While the following may appear to be a fictional account, it is actually a prophetic text concerning the apprehension of one of Neopia's least expected criminals. It was penned by the most detailed, unambiguous and above all, accurate of Shenkuu's Great Sages, the Eyrie Four Left Feet, shortly before the Emperor had him imprisoned for foretelling his downfall. This is the only manuscript that the Emperor – whether by mistake or design may never be known – did not torch; in the foreword the Sage himself confesses to his sole vice, that he records all his prophecies in prose form.

     Now read, and read well:


     There's only one way to get your beauty back.

     “No,” was all she could say. “No!”

     The vanity mirror – previously so aptly named – now showed the Gelert in all her hideousness. Her stunted ears, once long and flowing, now curved stiffly back towards her head; her bulging, reddened eyes took in her pale green fur, her flattened snout, her yellowed fangs.

     The small, black-framed hand mirror, clutched in a shaggy paw... spoke again.

     There's only one way to get your beauty back. All you have to do is break me.

     And she almost did, again, raising it high above her head, but again, by some trick of the light, some twist of her arm, she glimpsed again her own reflection in it; silver eyed and silky-maned, so beautiful it could break your heart.

     She couldn't. She just couldn't destroy that.

     Heh, heh, heh. The mirror snickered. You really can't, can you? Look at yourself. Mutants have been prettier. And you're still vain, so vain you can't bring yourself to break a mirror. What's seven years' bad luck to you now?

     “No,” she said again, but her voice was choked with sobs.

     Ugly! Ugly! Ugly! it mocked. You didn't deserve your beauty. You can stay like this forever!

     “What? I can't!” she cried, but the mirror had begun to fade into nothingness.

     Let's see how long you last, ugly. Heh, heh, heh...

     As it vanished, there was a loud knocking at the door. “Are you all right, sweetheart?” her father asked from outside.

     “Don't come in!” she shrieked, panicking.

     Spurred on by paternal instinct, her father flung open the door – but there was only the open window, the rain gusting in, and the clumsy footsteps of his child, running away.


     The mirror reappeared in the taloned hand of what might once have been an Acara; its surface went black, and then showed the Gelert stumbling through the night.

     The creature, most commonly identified as Vira, hissed in delight. “She snapped already? Excellent. Time to spirit her away.”

     The image on the mirror faded, showing the creature's true reflection to herself. She admired it for a few seconds, then turned the mirror away. There would be trouble if anyone saw that.

     Flapping her leathery, ungainly wings, she set off to intercept her quarry. Soon she would have another soul...


      She caught up twenty minutes later, landing on the path in front of her target, the image of a night terror. The darkness, the glorious darkness! Here she enjoyed herself the most.

     “You're in such an awful hurry, pretty,” she purred. “Run away already, have you?”

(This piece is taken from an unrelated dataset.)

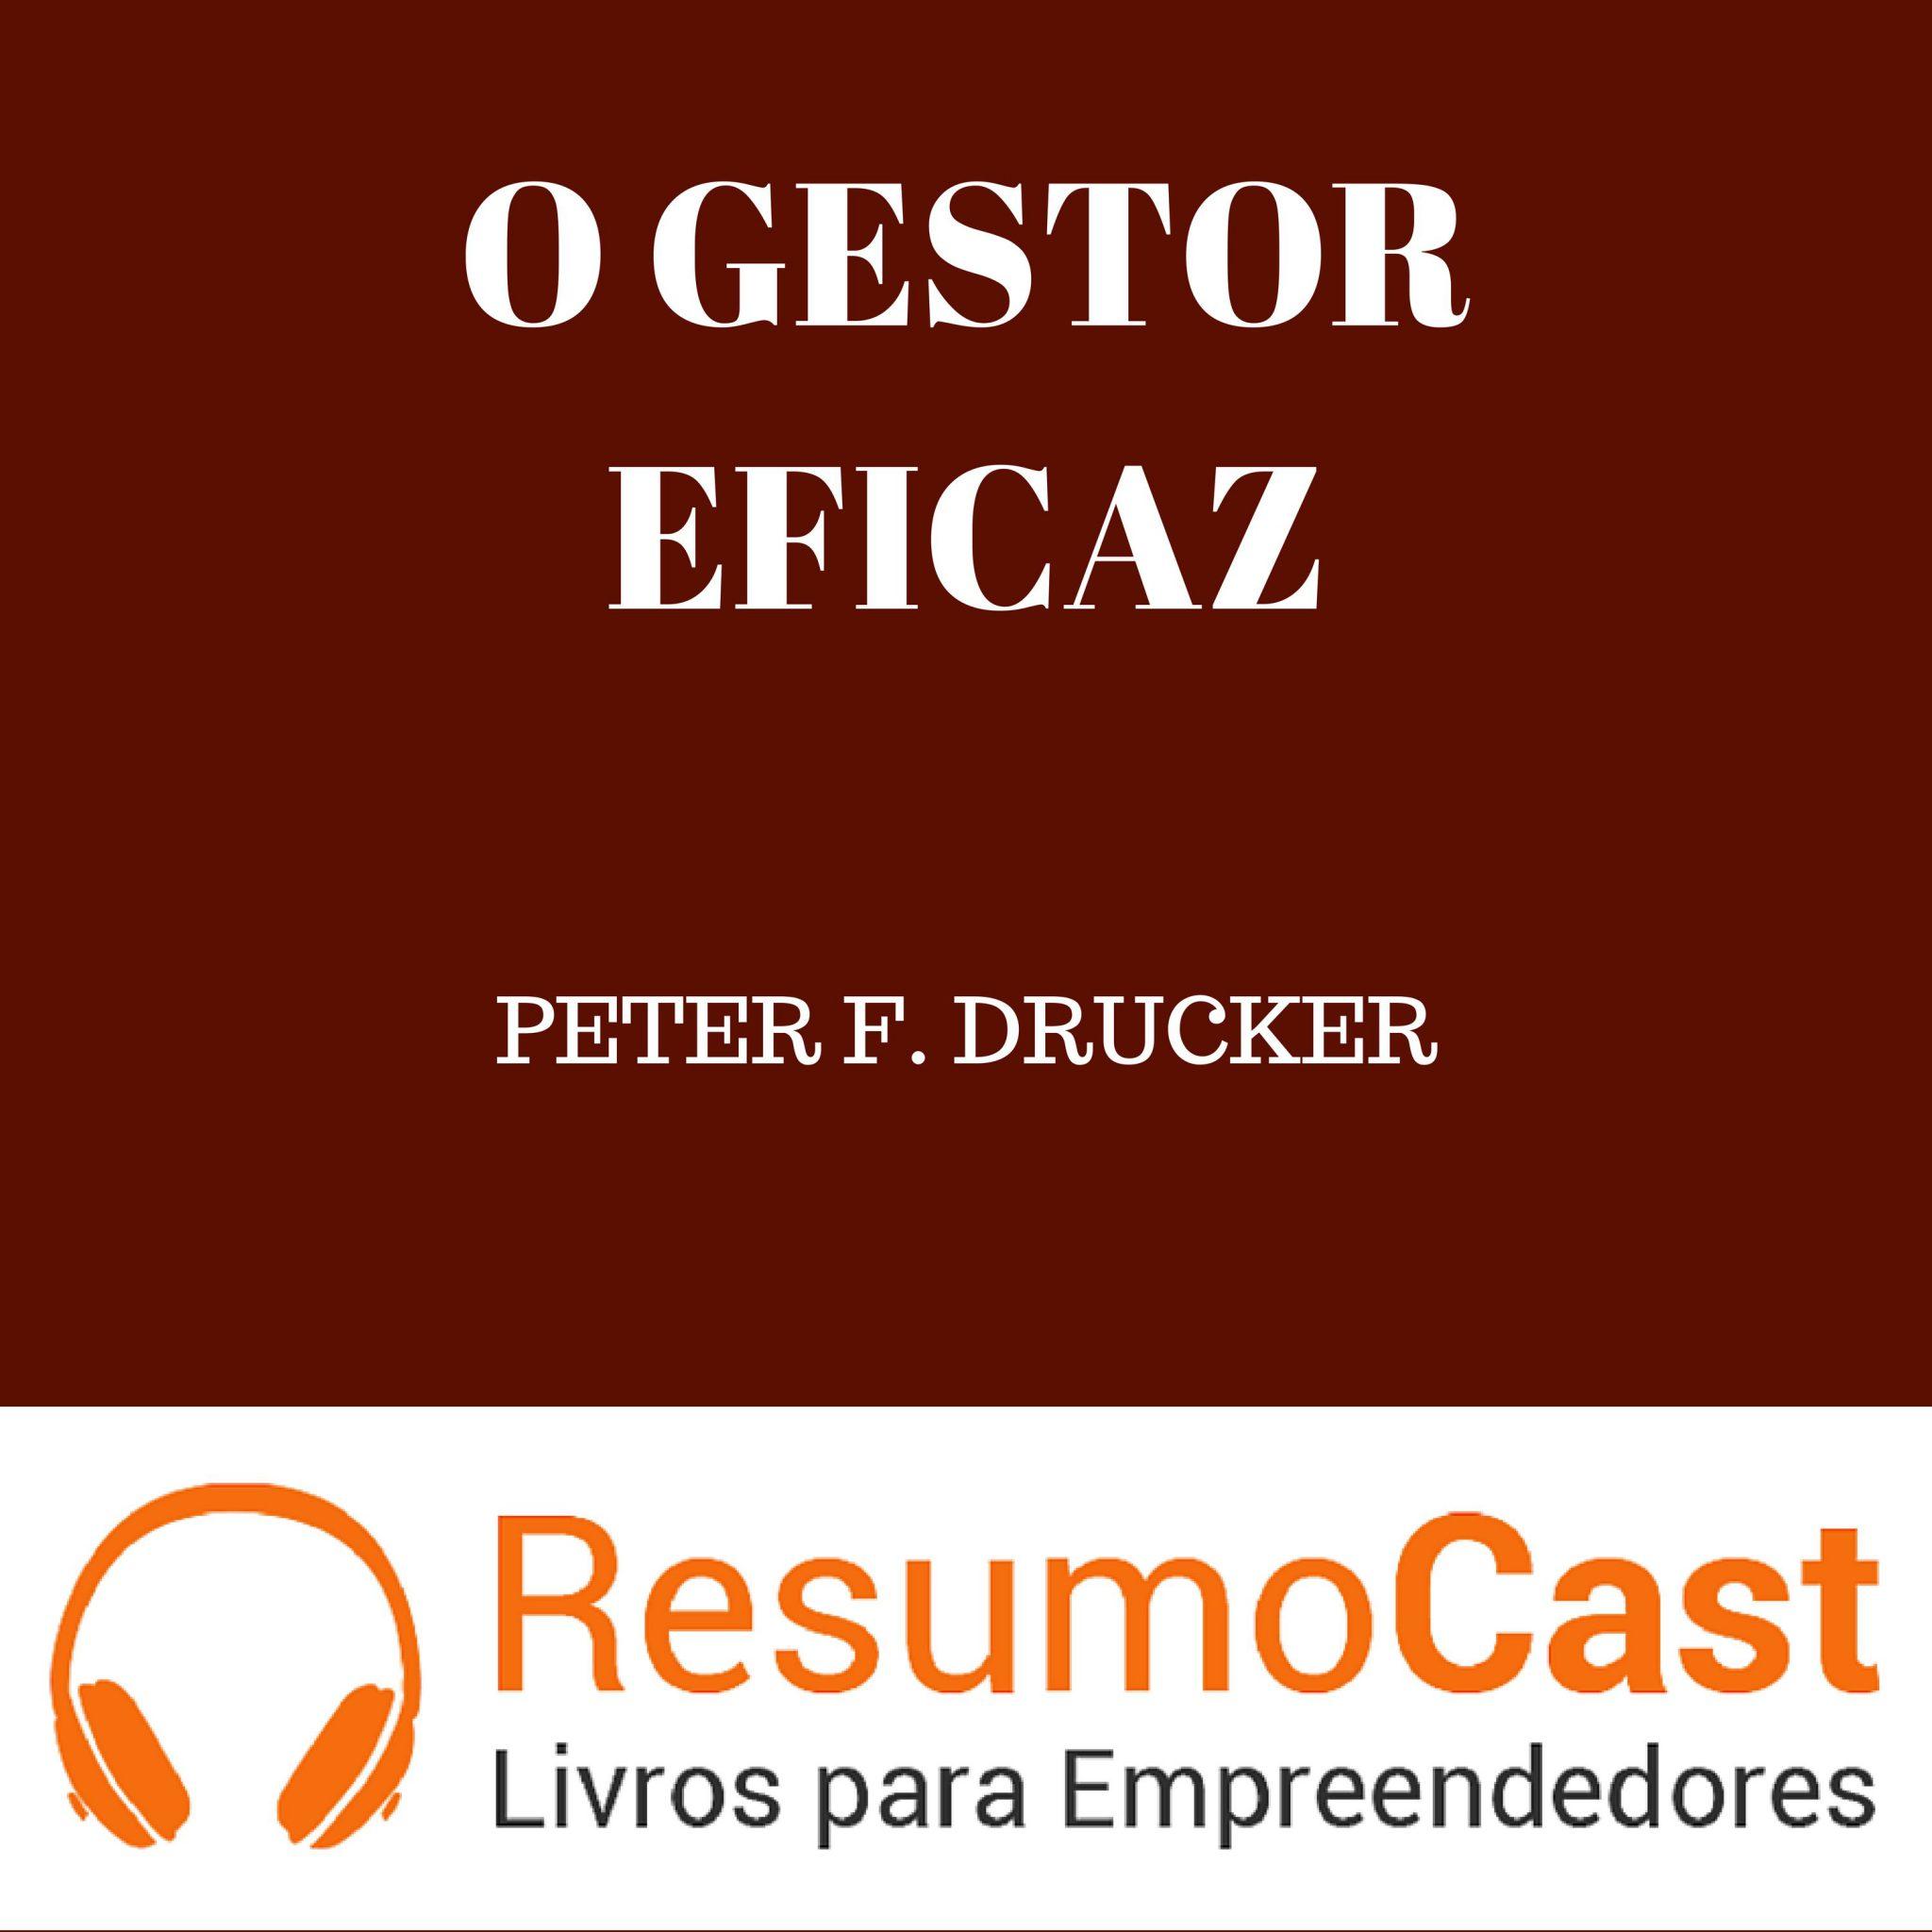 O Gestor Eficaz – Peter F. Drucker | T1#108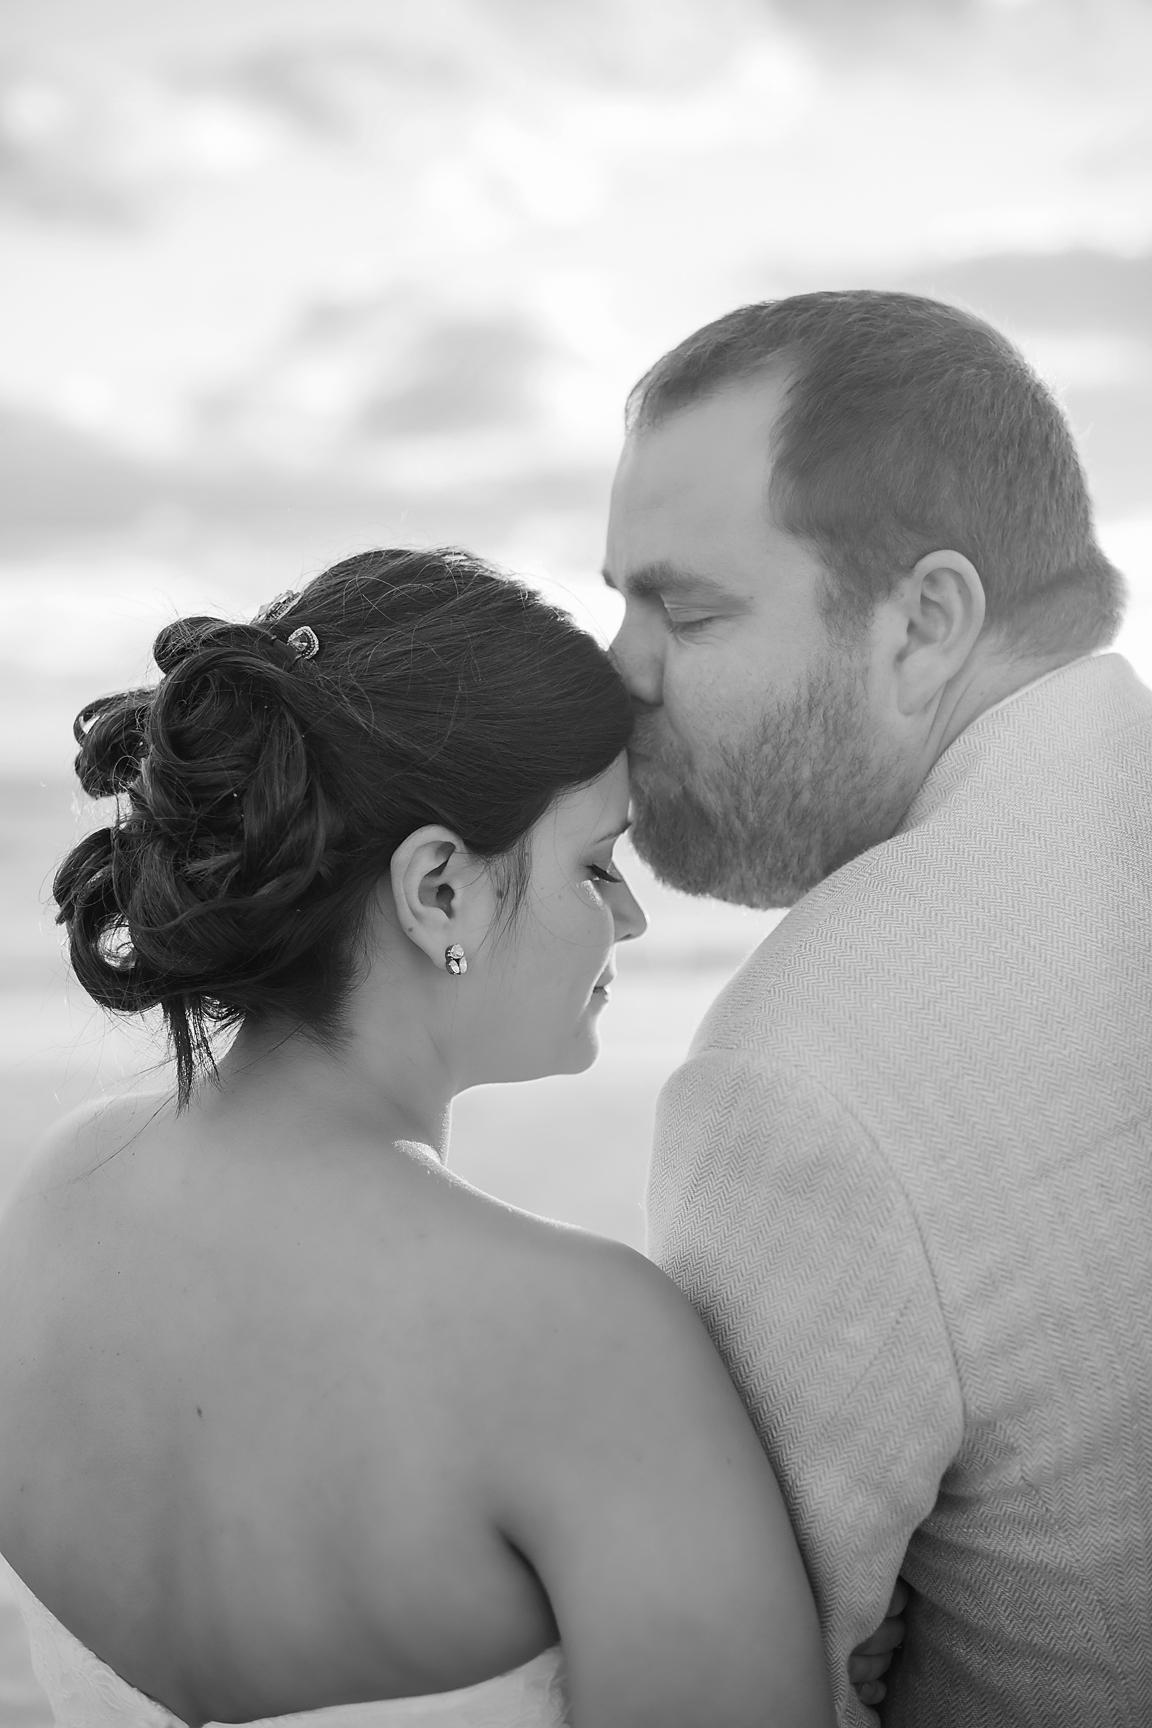 Bailey + Chalin - Anna Maria Island Wedding Photographer - Destination Wedding Photography - Emily & Co. Photography - Beach Wedding Photography 194.jpg

     The Gelert backed away in fright. “You!” Even without considering her appearance, she was in a sorry state. Her fur was matted and muddy, her dress was sodden, and she had bruises and scratches where she had tripped over its length. Her own father, who was currently calling the Defenders of Neopia, certainly wouldn't have recognised her.

     “Don't be afraid, my dear. Didn't you like my gift?” She held up the mirror, silent and sinister. “Now you know. Now you know how I have felt these long years. And now, I'm afraid, you will have to give something back.”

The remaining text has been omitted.